I know a lot of people on this website are trying their hardest to be there for you through RECords and well wishes, but it's incredibly difficult to send love and support over the internet. For a long time (as long as it's been, I suppose), I've contemplated whether or not to write this at all, because I'm not sure I could say as much as I want to without this coming out all jumbled and wrong.
I lost Alec in January of 2009. He was 17 years old and I loved him. The day it happened, I didn't know what to do. I literally couldn't bring myself to do anything, and when you're the same age and in high school, and you have to return to that awful place to rumors and speculation, sitting on your hands and keeping your mouth shut is all you can do, all you want to do.

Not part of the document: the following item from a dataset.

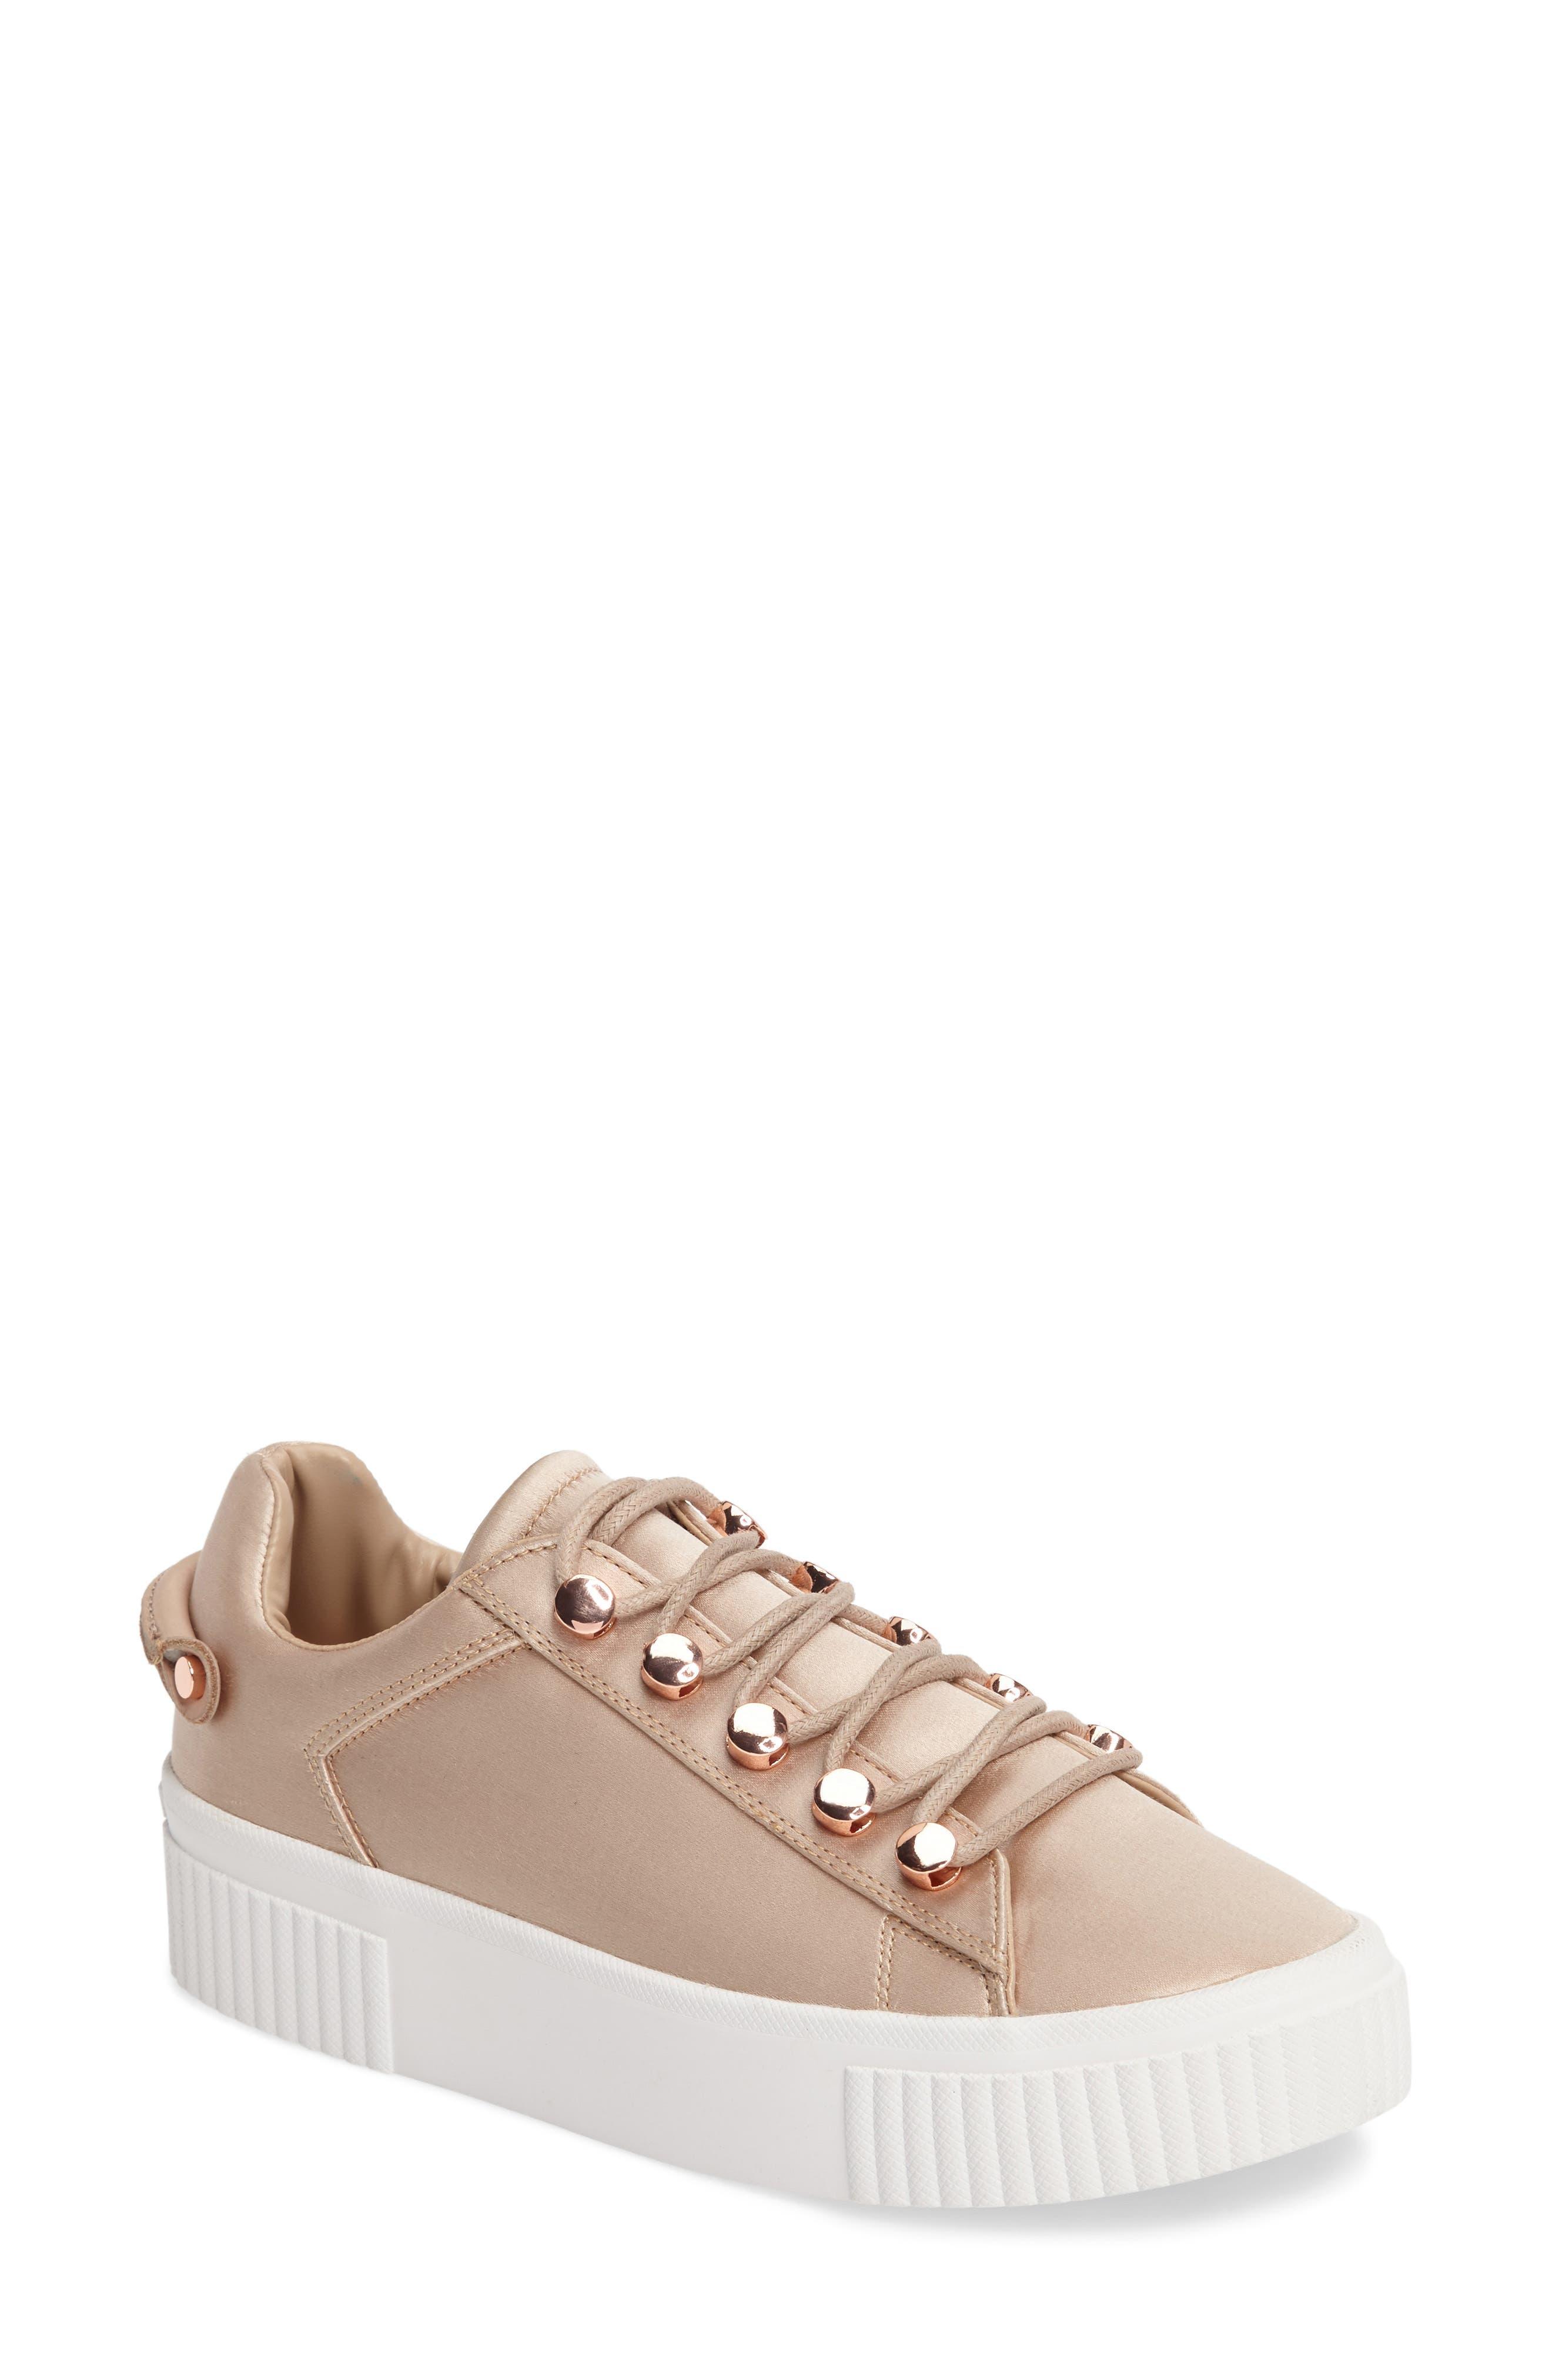 KENDALL + KYLIE Rae 3 Platform Sneaker

Some say he accidentally overdosed; some say he did it on purpose.
But it didn't matter if he did it, why he did it. It mattered that it happened, and nobody knew anything other than that. I didn't know what he wore that day, if he told anyone that he loved them, how many times he brushed his teeth, if he was happy, what he dreamt about the night before.
I don't know anything about grief aside from this:
Sometimes, your head stops grieving before your heart does, and when you wake up in the morning, you expect everything to be the way it was before it happened. And the realization that Alec won't come back has been the most awful thing I have experienced thus far.
If nothing else can bring you some sense of peace, know that, fortunately or unfortunately, we have all grieved, in some way or another, and we have all lost something vital - a friend, a metaphorical arm, a real arm, an idea, a lover, something more, something less, something in between and imaginary.
Someone once said, "Those who love deeply never grow old."
I think I can safely say we are all very young here, and we wish you all the best, in any and all endeavors.